I am trying to create an iOS App, that is able to recognize numbers from 0 to 9, when getting an image from the devices camera. I started out by detecting the number, which in my case will always be in a blue circle. I managed to get a pretty accurate circle detection with OpenCV. The app will at this point take the image, scan it for blue circles, cut it to the part, where the circle is, turn it into black and white and higher the contrast, so that there is just pure black (the background) and pure white (the number). The result is a pretty clear image of just the number. The last step would be to recognize the image with a simple Image Classifier.

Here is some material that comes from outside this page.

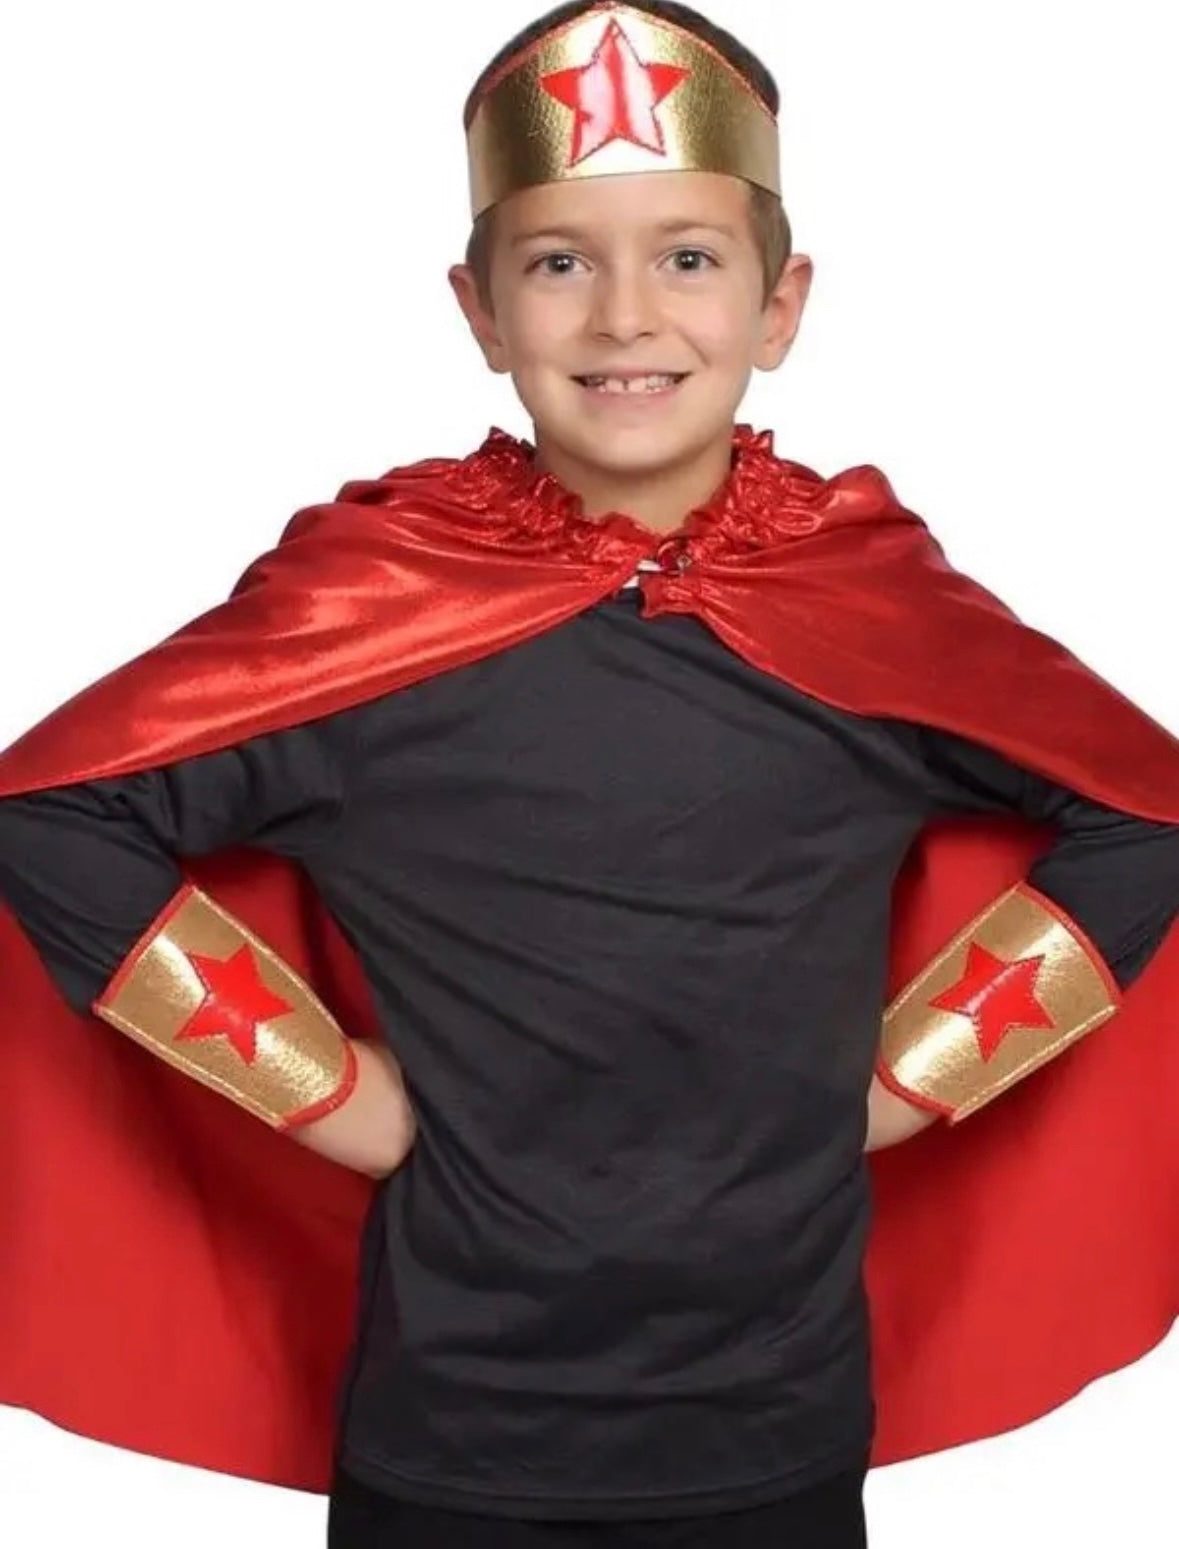 Red Super Hero Cape for Adventures, Boys & Girls - Alder & Alouette

So I tried to recreate such "white number on black background" - images for a dataset. I used images of the numbers with the same font, as in reality, added random contrast, random brightness, random scale, added a blue circle and gave it to the function in OpenCV, which then gave back an image, that I saved on my hard drive. The dataset I created had over 10.000 images per number (so over 100.000 in total). I then used CreateML to train an Image Classifier for that dataset. The accuracy in the actual app with actual photos of such numbers however is quite bad.

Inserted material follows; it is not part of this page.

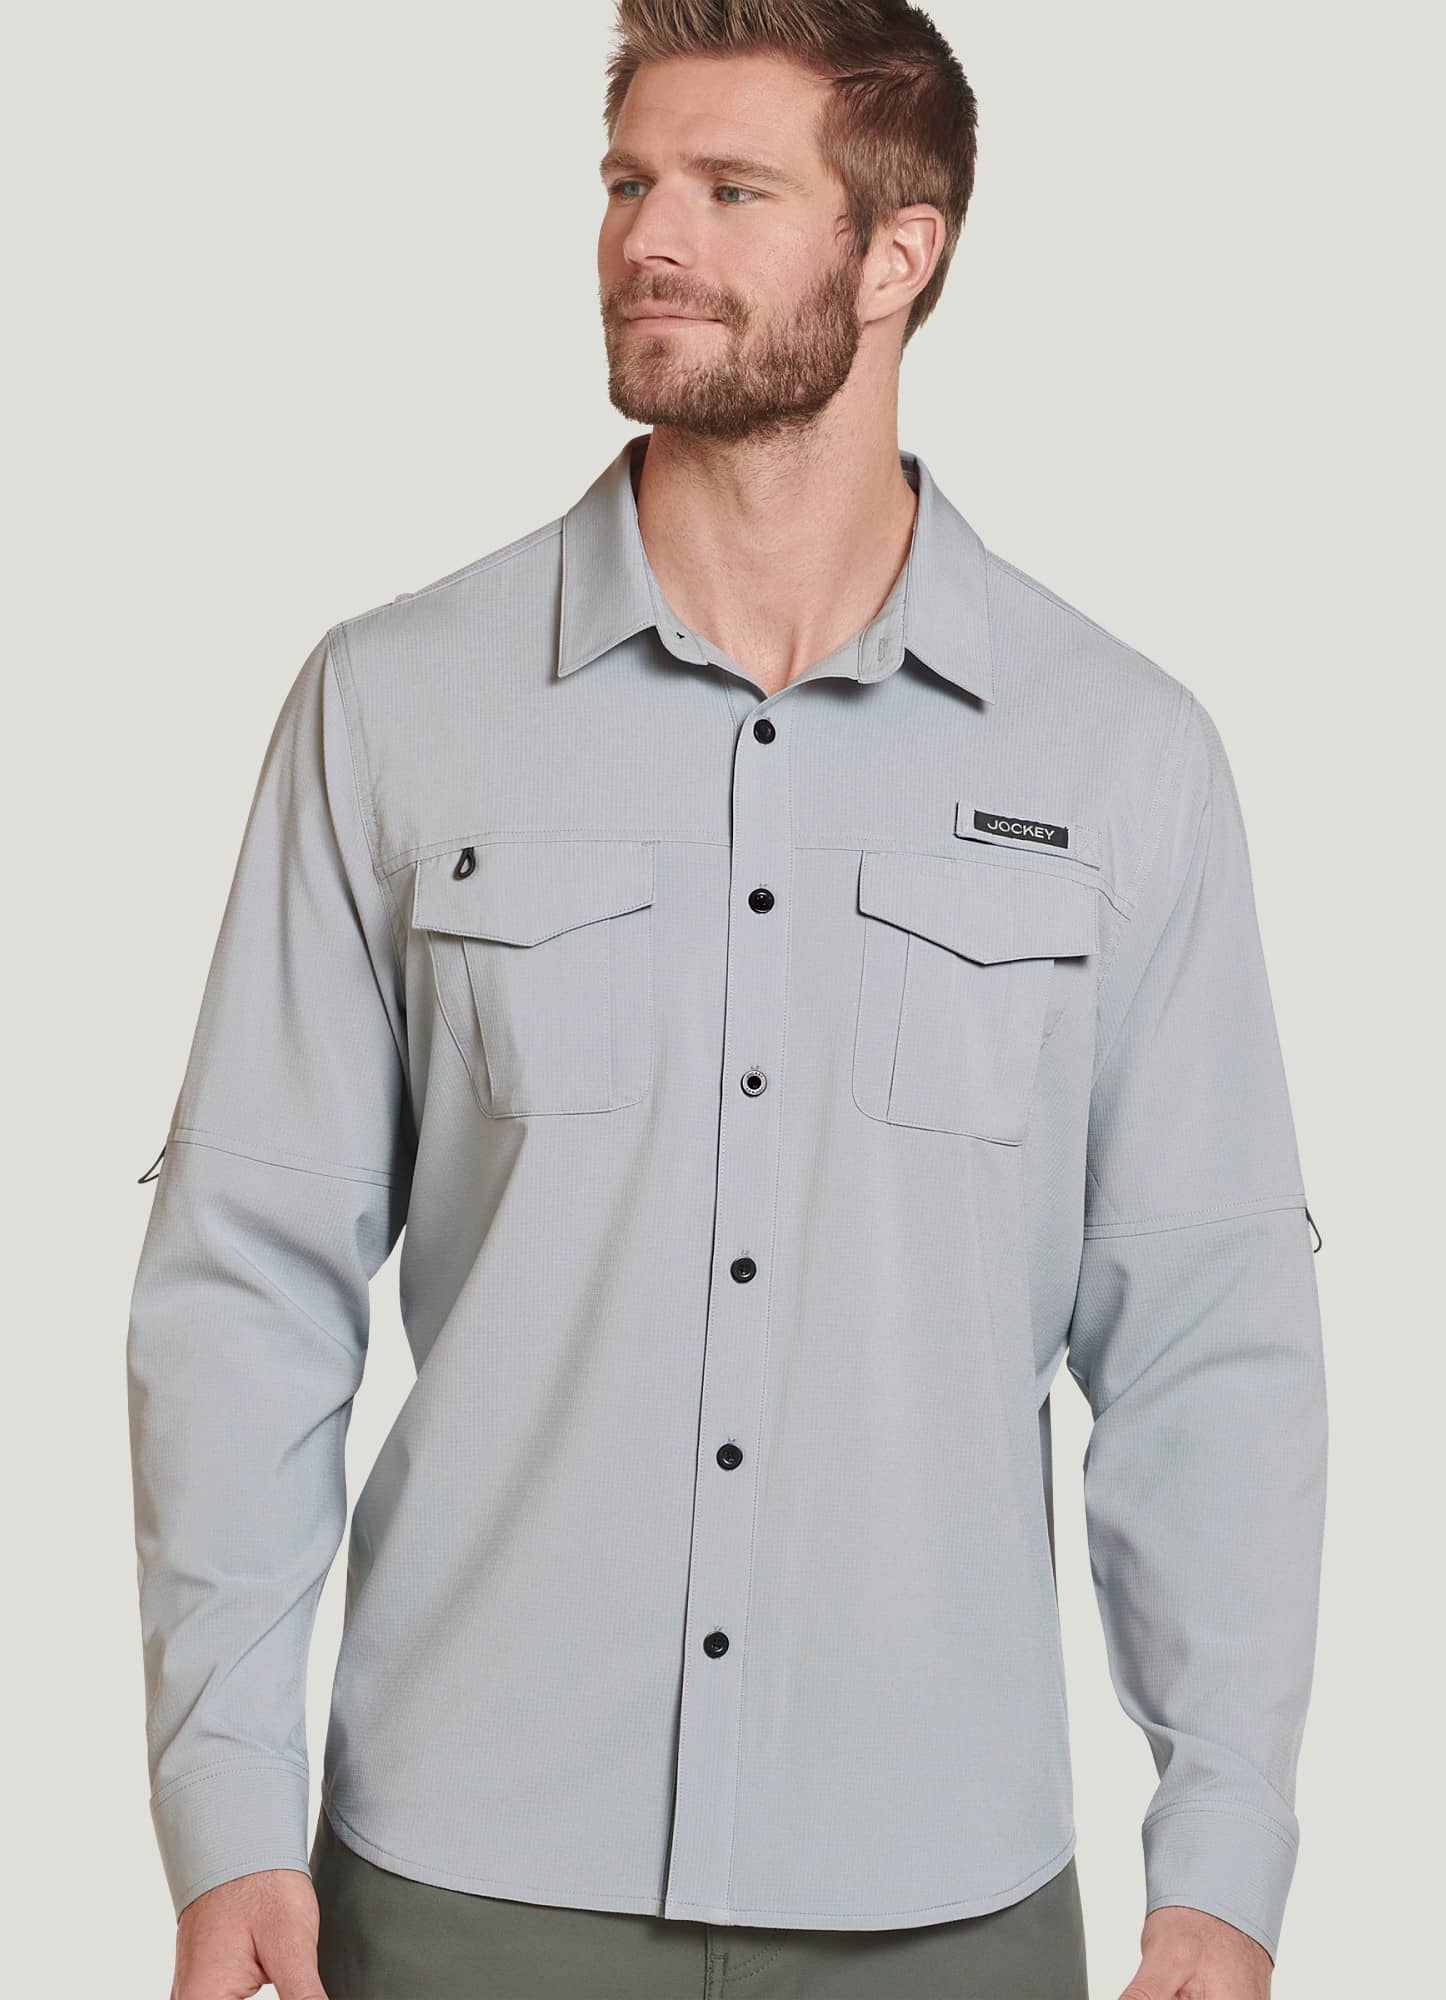 Jockey Outdoors Long Sleeve Fishing Shirt in Grey Agate

So I tried a different approach. The idea was to change everything of the images except the number, so that the model learns the similarities. I did this by adding random white and black pixels to the image, rotating and scaling it. In the end I applied the same black and white filter from OpenCV and saved the images on my hard drive. This model is even worse than the above.
You can find a sample image of both datasets here: https://1drv.ms/f/s!Ao1FRfDXc7vKklCxq3n7NC6APImP
So here are my Questions:
1) Shouldn't it be quite easy to create a Machine-Learning Model that is capable of recognizing the numbers with a high accuracy?
2) What should my dataset look like in this case, to optimize the model accuracy?
3) How many images per number would you recommend for training?